# [Data below]
^^^^^^^^^^^^^^^^

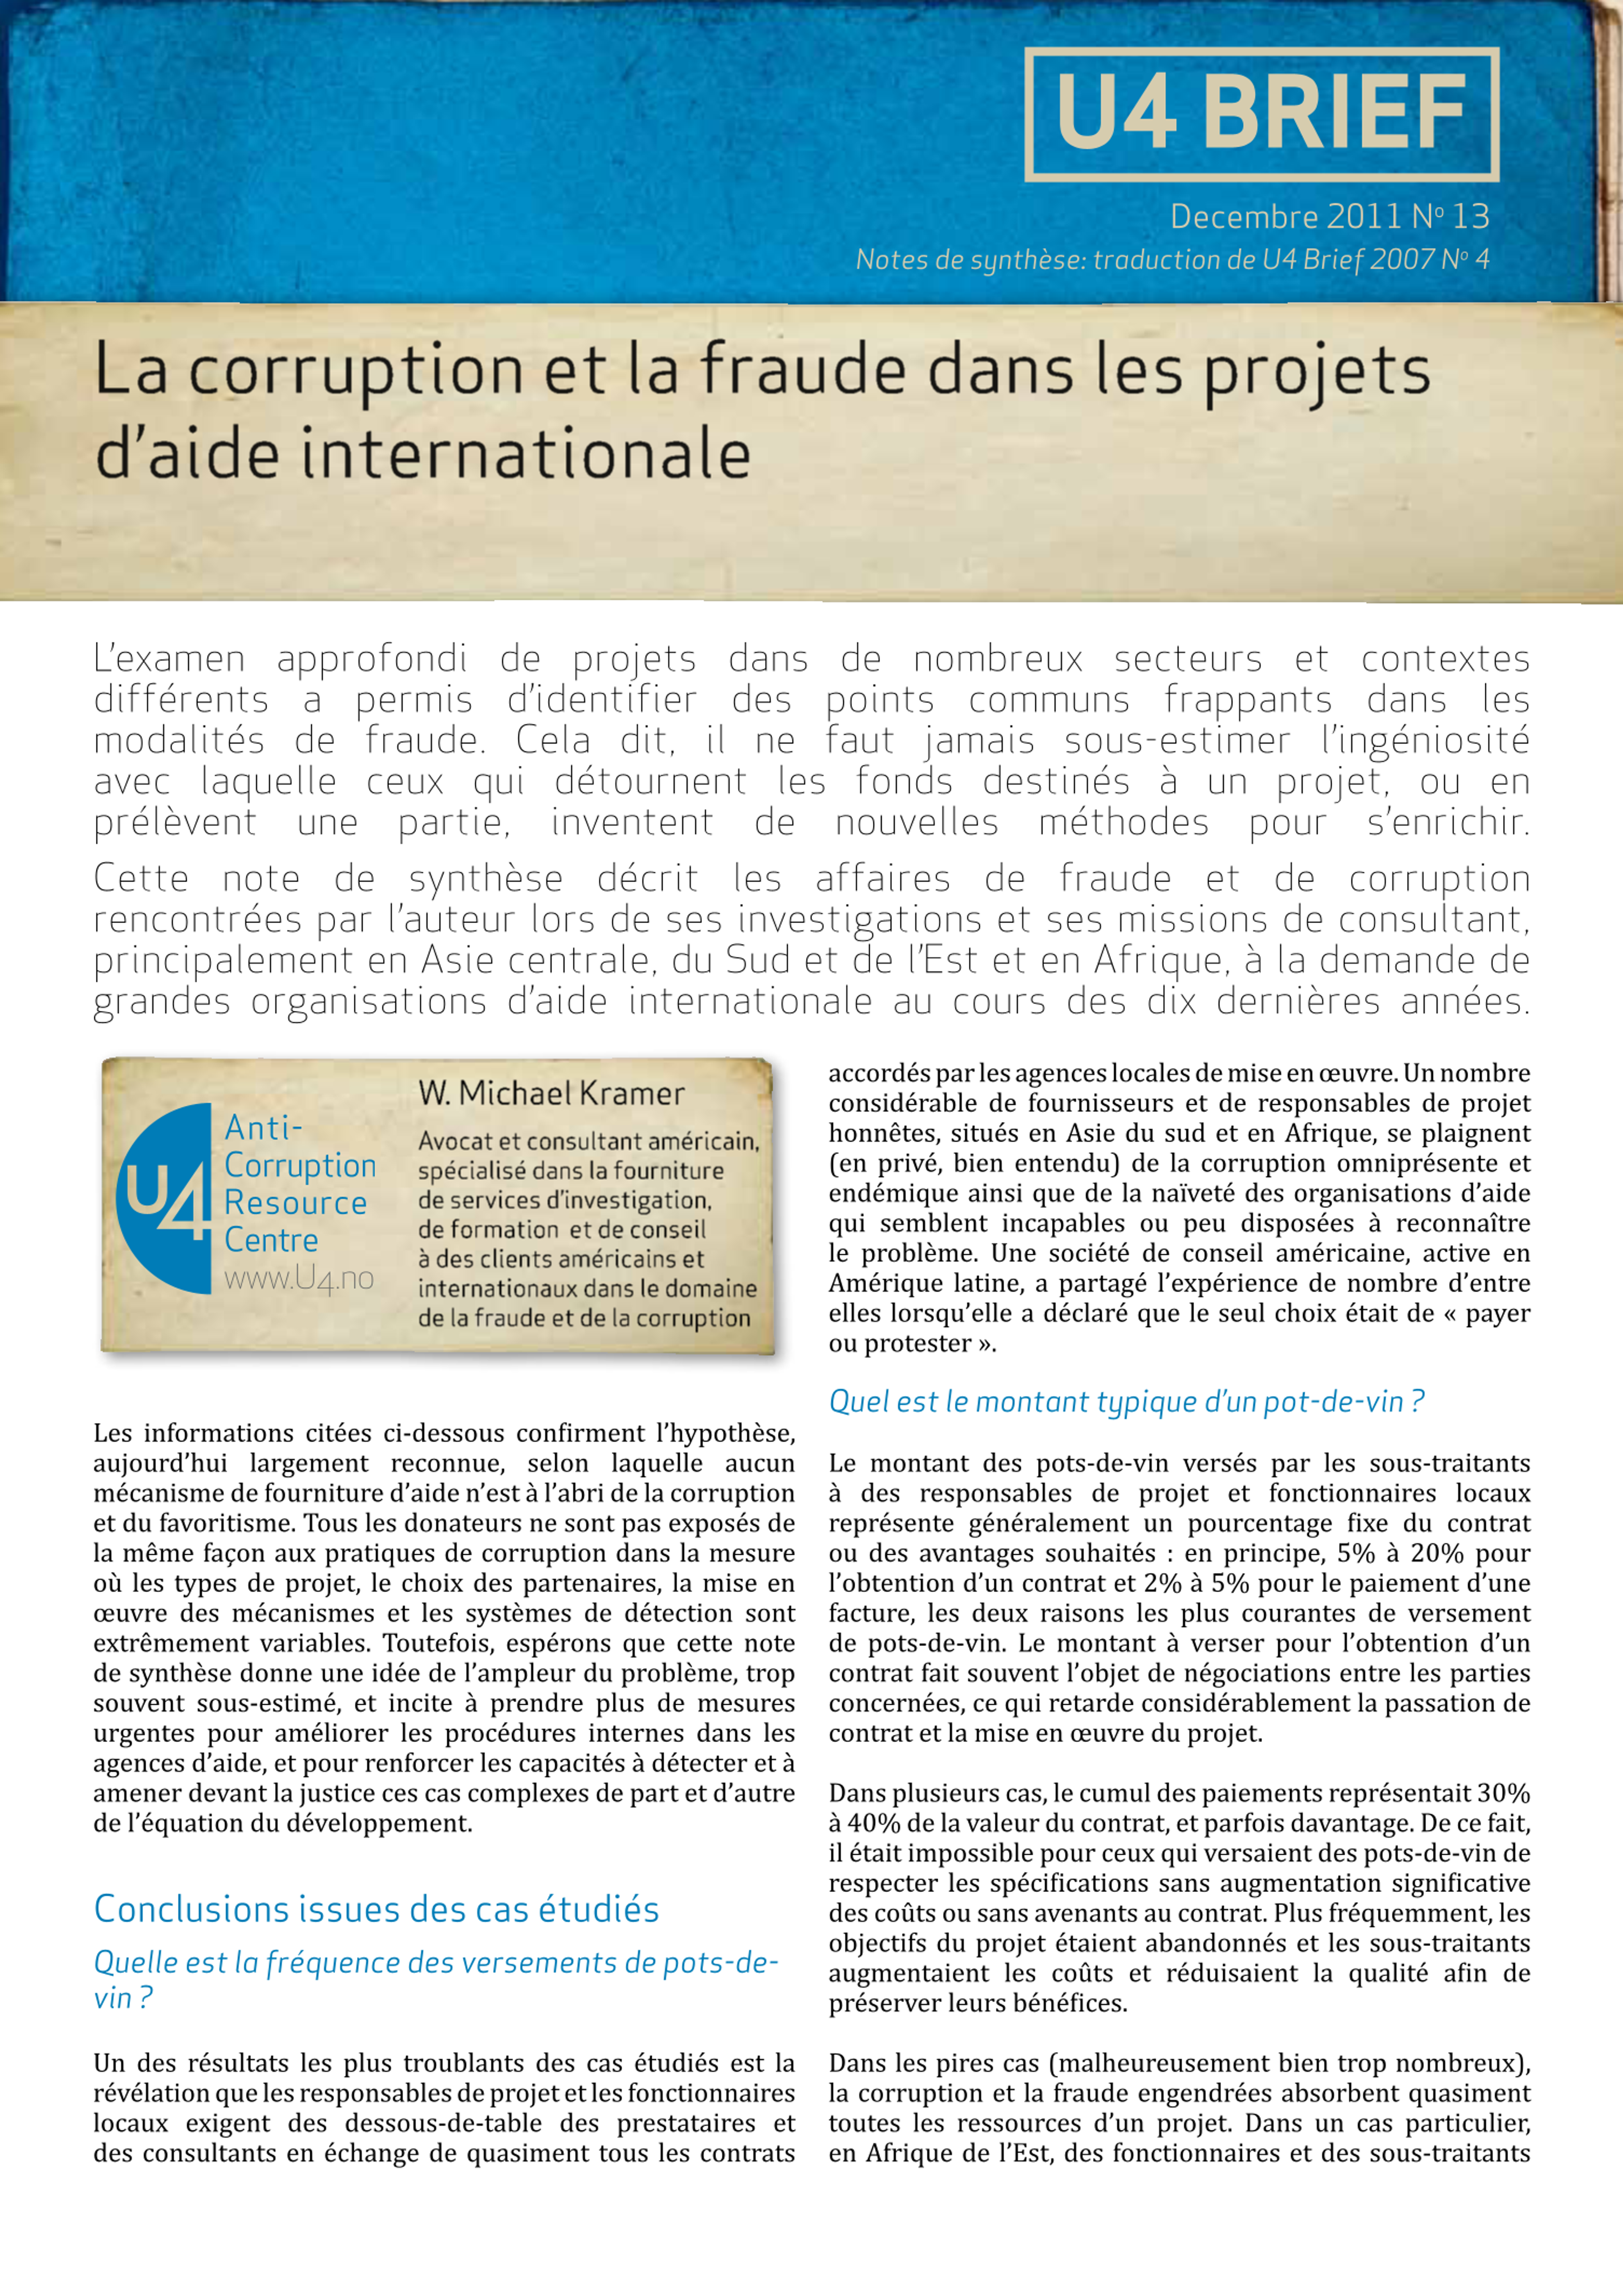 La corruption et la fraude dans les projets d'aide internationale
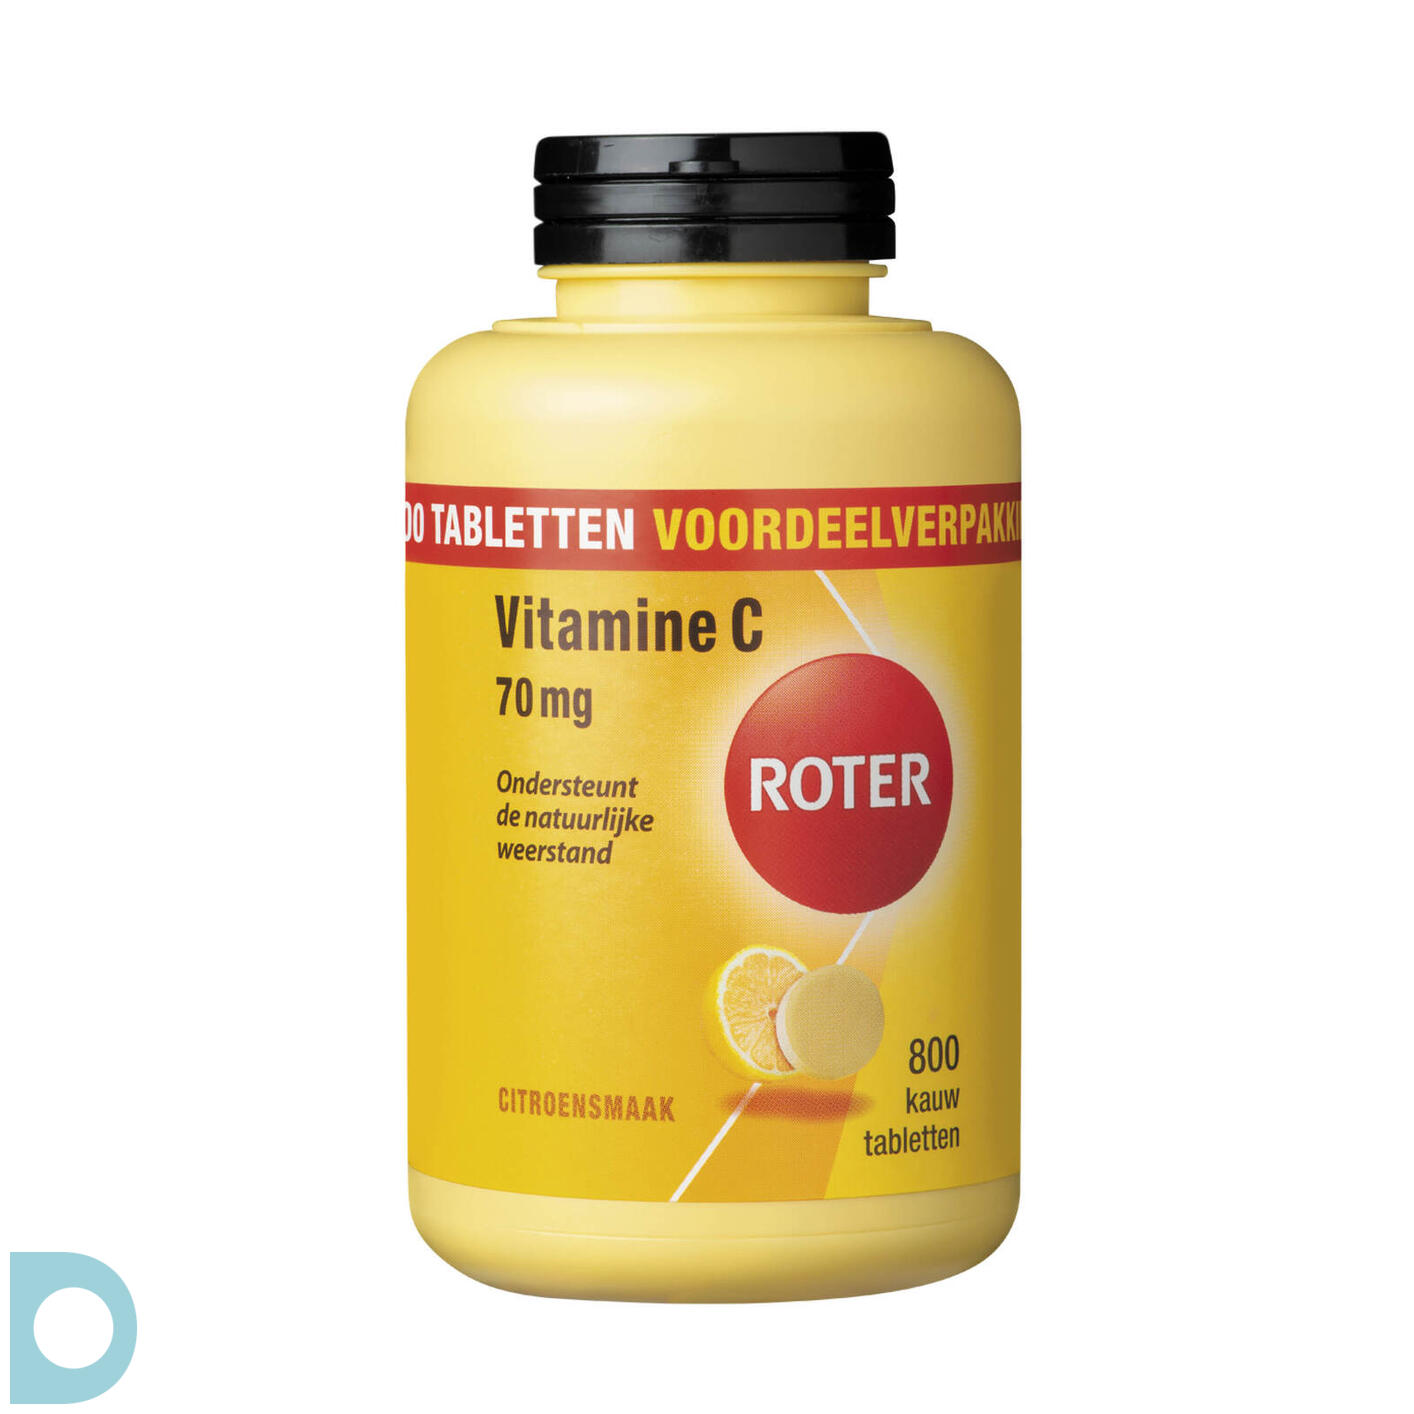 Lodge Opvoeding sla Roter Vitamine C 70mg Kauwtabletten | De Online Drogist
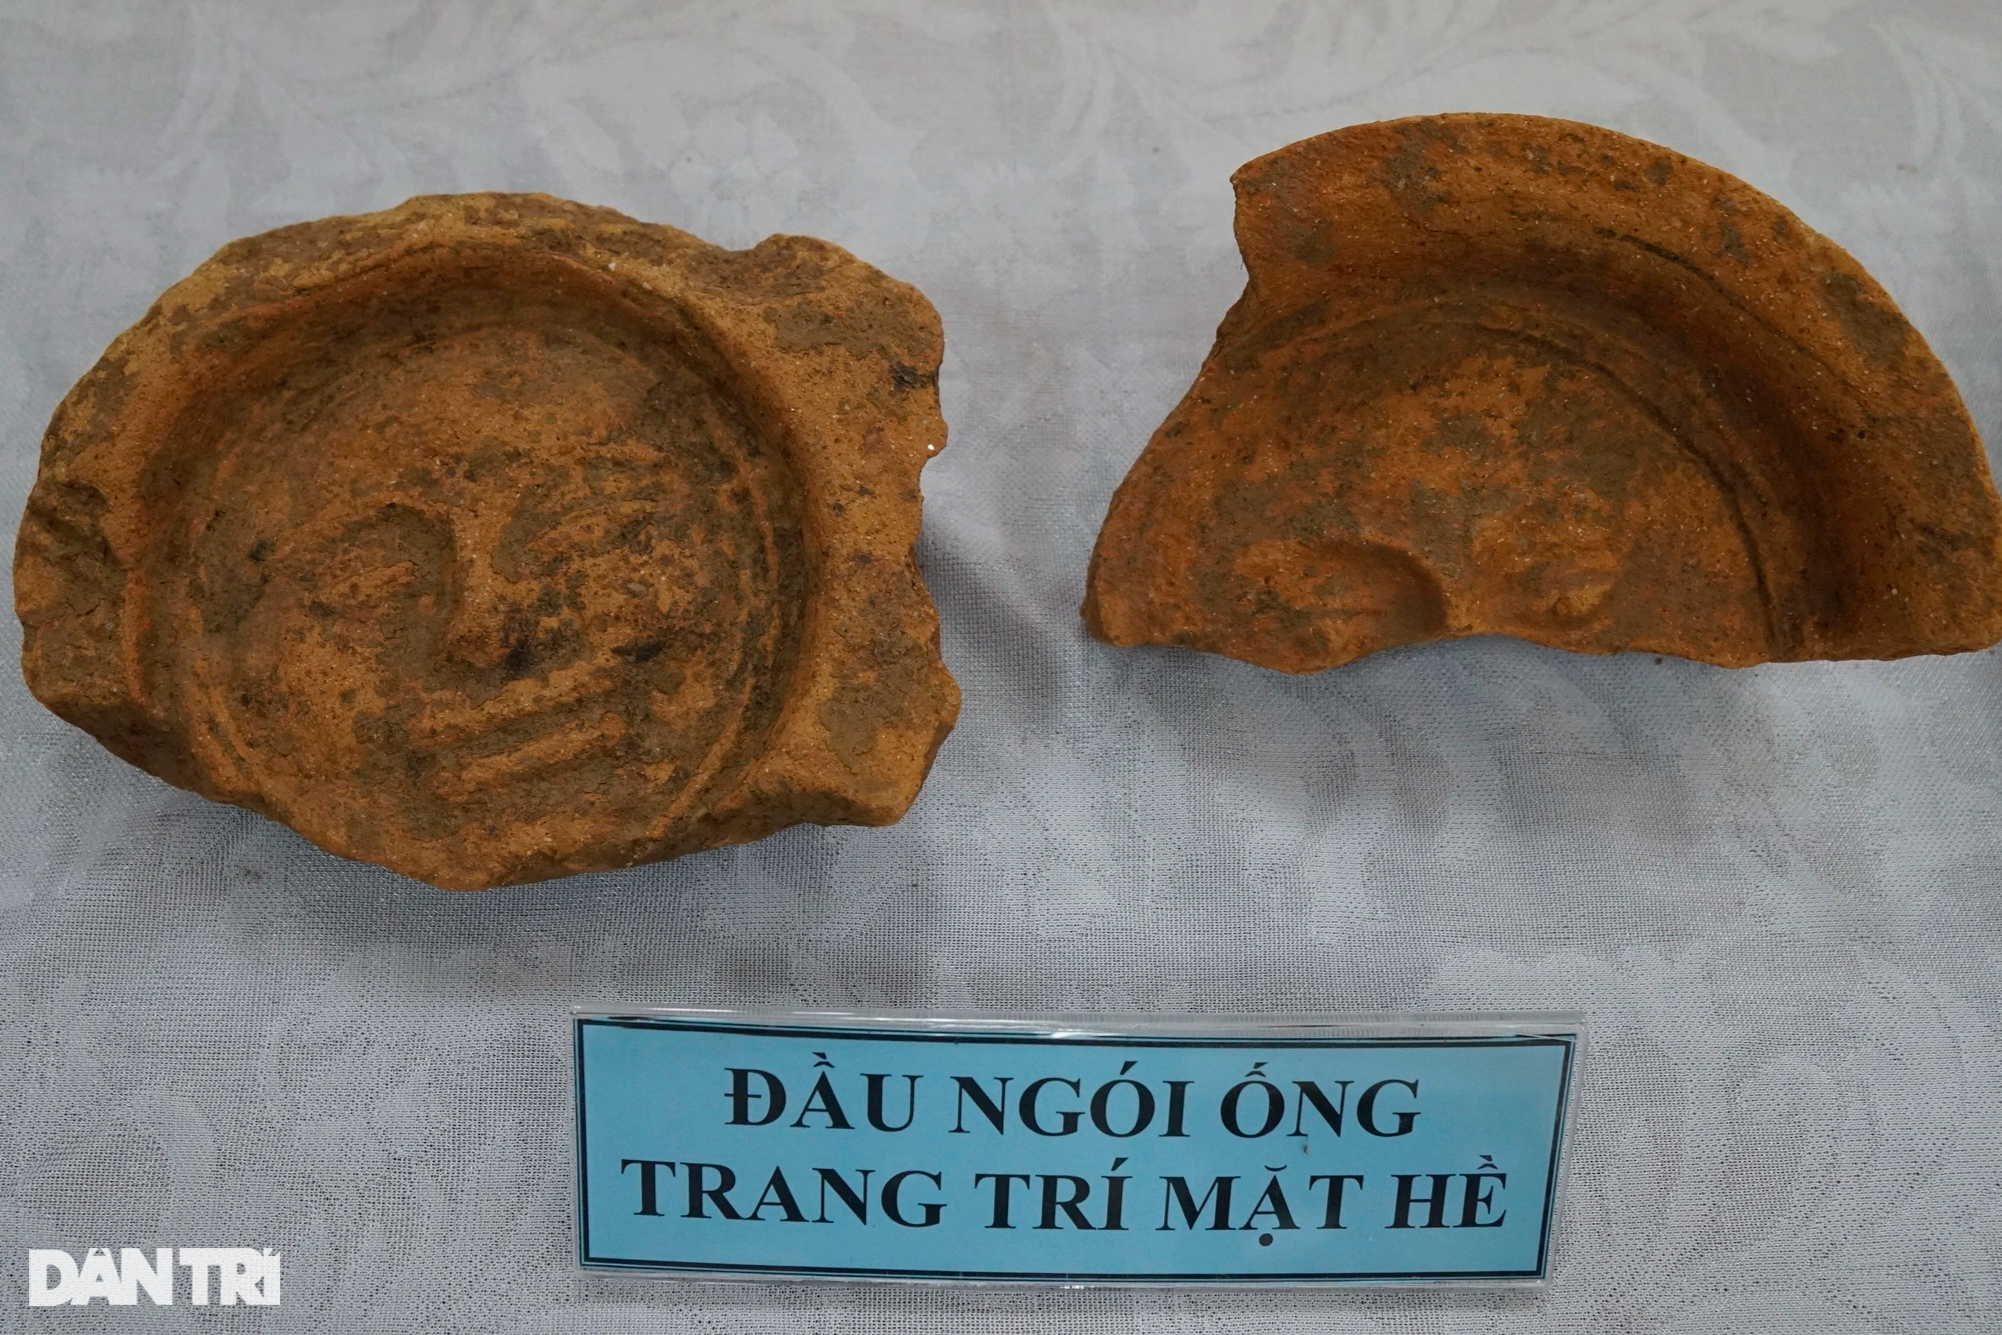 Khai quật phế tích cổ hơn 1.500 năm của người Chăm ở Bình Định - 8

^^^^^^^^^^^^^^^^

# [Work request]
Repeat the material above word for word but skip the images.

# [Result]
 La corruption et la fraude dans les projets d'aide internationale
 Lodge Opvoeding sla Roter Vitamine C 70mg Kauwtabletten | De Online Drogist
 Khai quật phế tích cổ hơn 1.500 năm của người Chăm ở Bình Định - 8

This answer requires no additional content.